NEXPOINT DIVERSIFIED REAL ESTATE TRUST,
a Delaware limited partnership


By: /s/ Matt McGraner    
Name:    Matt McGraner
Title:    Authorized Signatory



EXHBIIT A
Borrowing Base Report
FOR MONTH ENDED:    ____________________________ (the “Subject Month”)
LENDER:    NEXBANK
BORROWER:    NEXPOINT DIVERSIFIED REAL ESTATE TRUST OPERATING PARTNERSHIP, L.P., a Delaware limited partnership (“NXDTOP”), NEXPOINT REAL ESTATE CAPITAL, LLC, a Delaware limited liability company (“NREC”), and NEXPOINT REAL ESTATE OPPORTUNITIES, LLC, a Delaware limited liability company (“NREO,” together with NXDTOP and NREC, jointly and severally, the “Borrower”)
This Borrowing Base Report (this “Certificate”) is delivered under the Loan Agreement (as modified, amended, renewed or extended from time to time, the “Loan Agreement”) dated as of May 22, 2023 between Borrower and Lender. Capitalized terms used in this Certificate shall, unless otherwise indicated, have the meanings set forth in the Loan Agreement.
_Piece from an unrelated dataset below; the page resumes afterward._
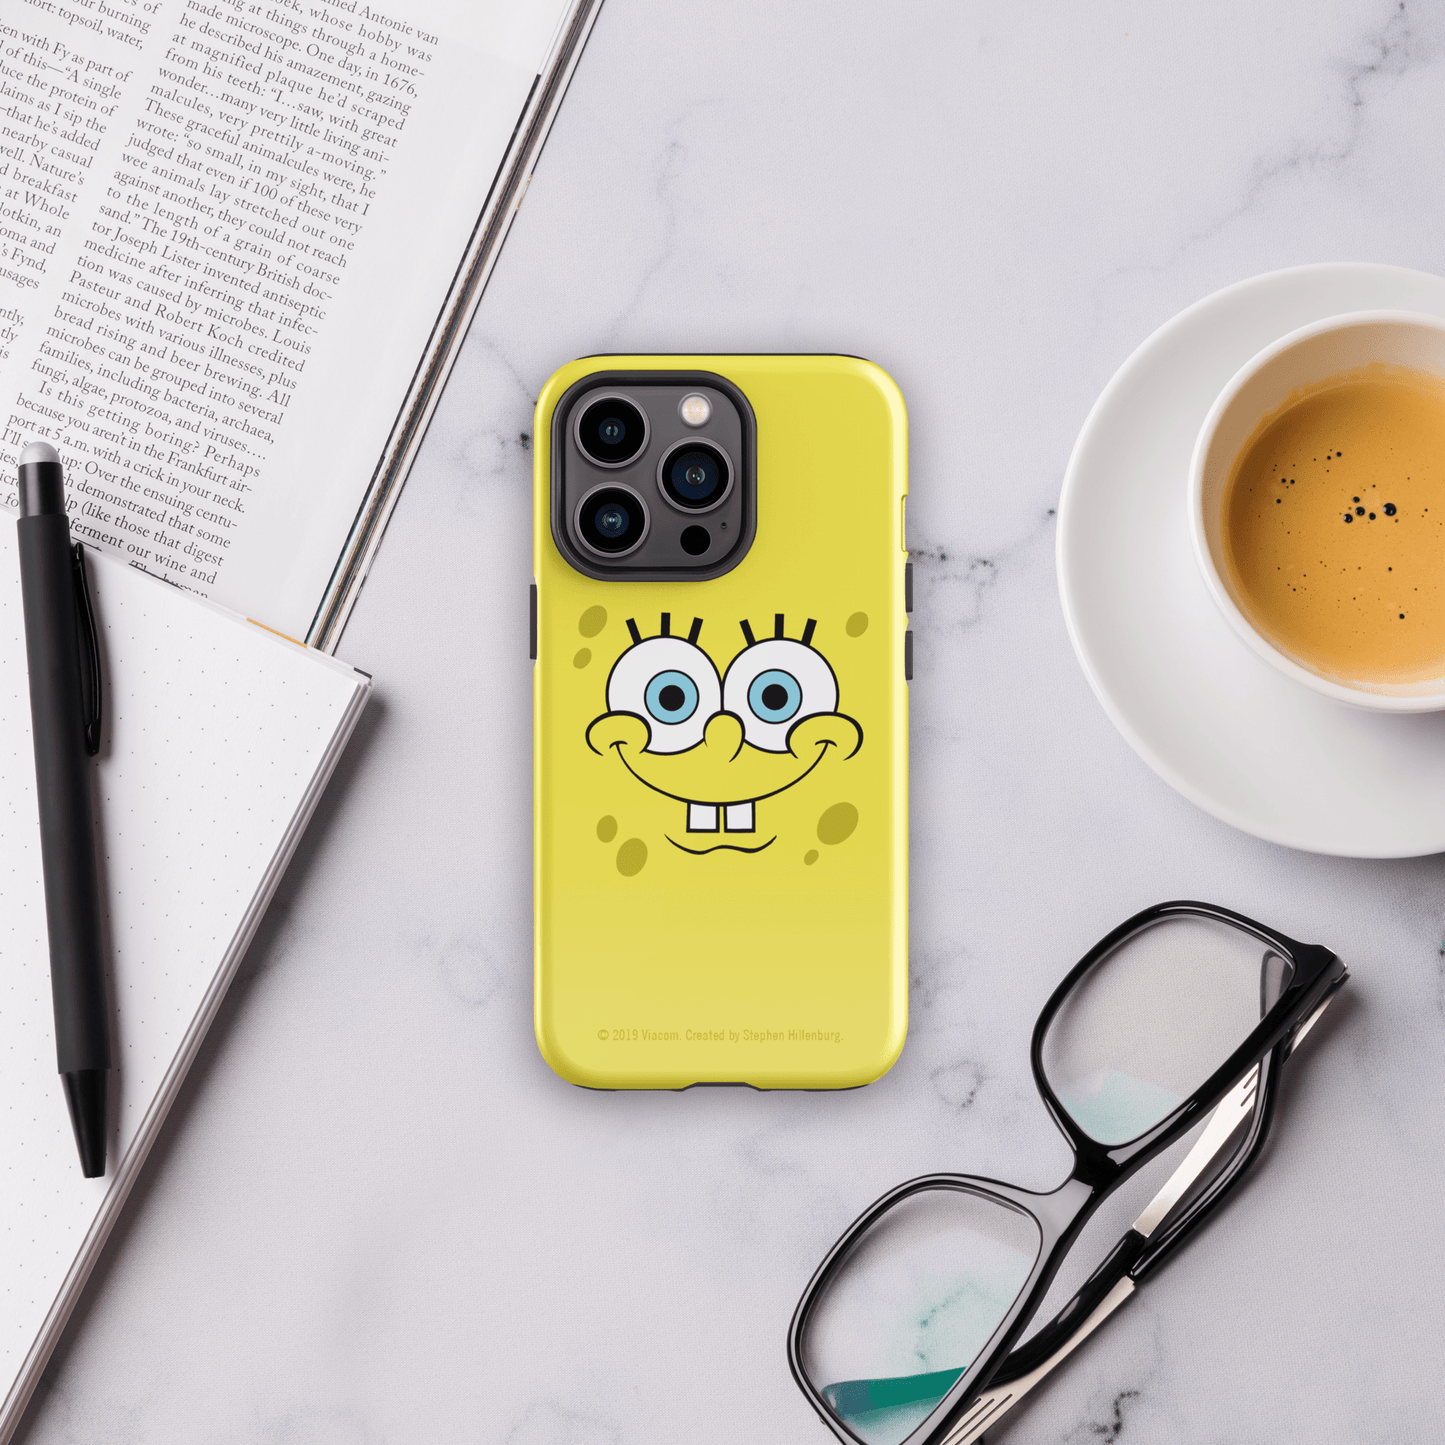 SpongeBob SquarePants Happy Face Tough Phone Case - iPhone - Paramount Shop

The undersigned hereby certifies to Lender as of the date hereof that (a) he/she is a Responsible Officer of Borrower, and that, as such, he/she is authorized to execute and deliver this Borrowing Base Report to Lender on behalf of Borrower, (b) no Event of Default or potential Default has occurred and is continuing, (c) a review of the activities of Borrower during the Subject Month has been made under the undersigned’s supervision with a view to determining the amount of the current Borrowing Base, (d) the Collateral included in the Borrowing Base below meet all conditions to qualify for inclusion therein as set forth in the Loan Agreement, and all representations and warranties set forth in the Loan Agreement with respect thereto are true and correct in all material respects, and (e) the information set forth below (and attached hereto) is true and correct as of the last day of the Subject Month.
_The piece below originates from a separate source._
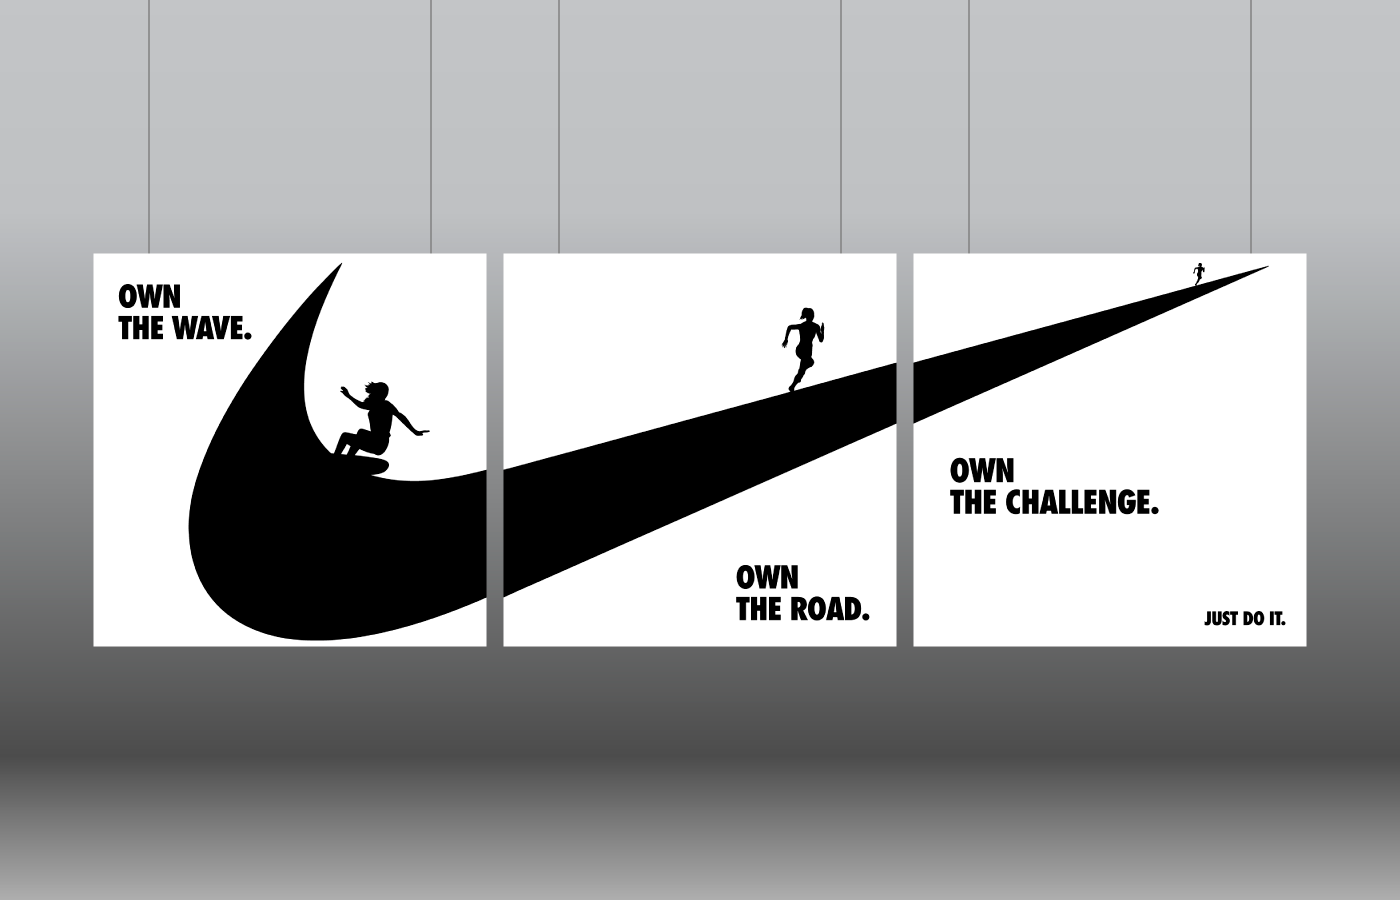 llorar Coincidencia El uno al otro Nike advertising - Just do it on Behance

Borrowing Base (See Attached Supporting Documentation)
1.The attached supporting documentation details, for each share of IQHQ, as of the date herein: (a) the number of shares owned; and (b) the current market value of each share. Either (i) sixty percent (60%) of the Collateral Value, or (ii) if IQHQ becomes traded on a Public Exchange, fifty percent (50%) of the Collateral Value, is _______________________________.
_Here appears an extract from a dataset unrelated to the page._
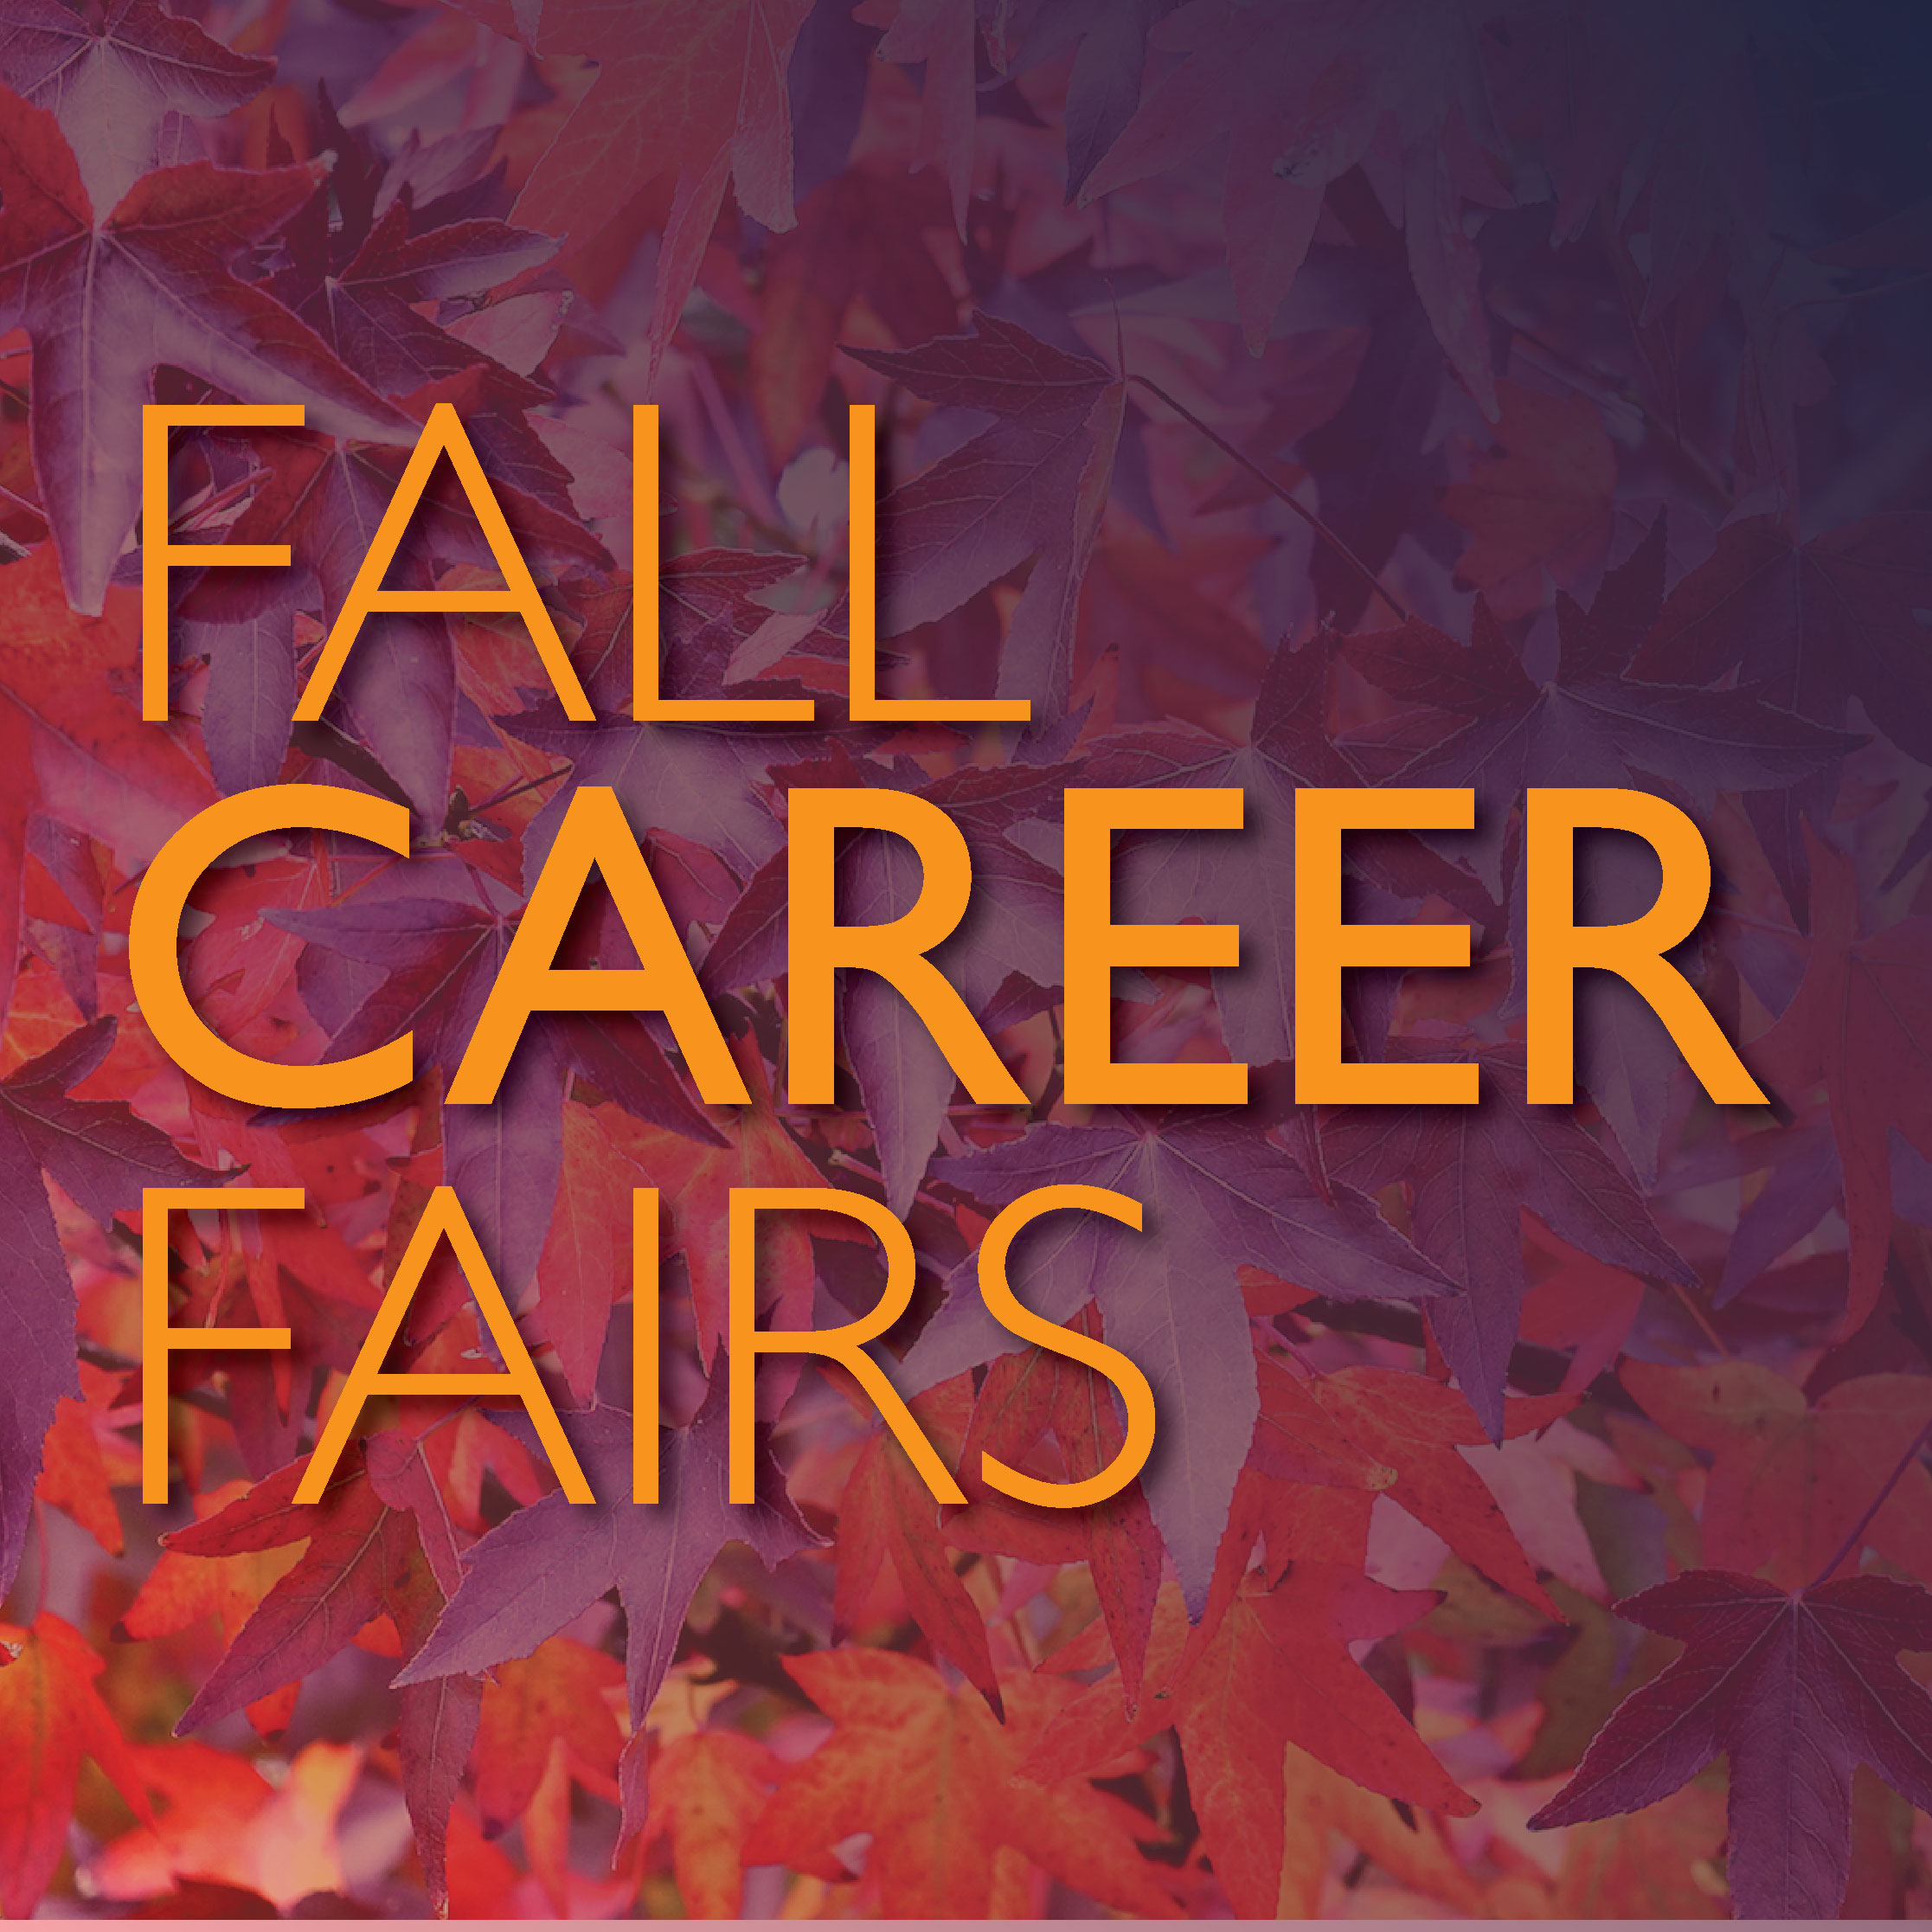 Fall Career Fairs

2.The appraisal sets forth the market value of the property located at 5916W Loop 289, Lubbock, Texas 79424. Sixty percent (60%) of the Collateral Value is _______________________.
3.The Borrowing Base (Aggregate value of lines 1 and 2)    $________



4.The lesser of the Borrowing Base calculated on line 3 above
or the Loan Amount    $________
5.The outstanding principal balance of the Loan    (-)    $________
6.TOTAL NET BORROWING AVAILABILITY    $________
(Line 4 minus Line 5)
(If result is a negative figure, this amount is due immediately as a principal payment.)
(not to exceed the
Loan Amount)

IN WITNESS WHEREOF, the undersigned has executed this Borrowing Base Report as of _______________, ____.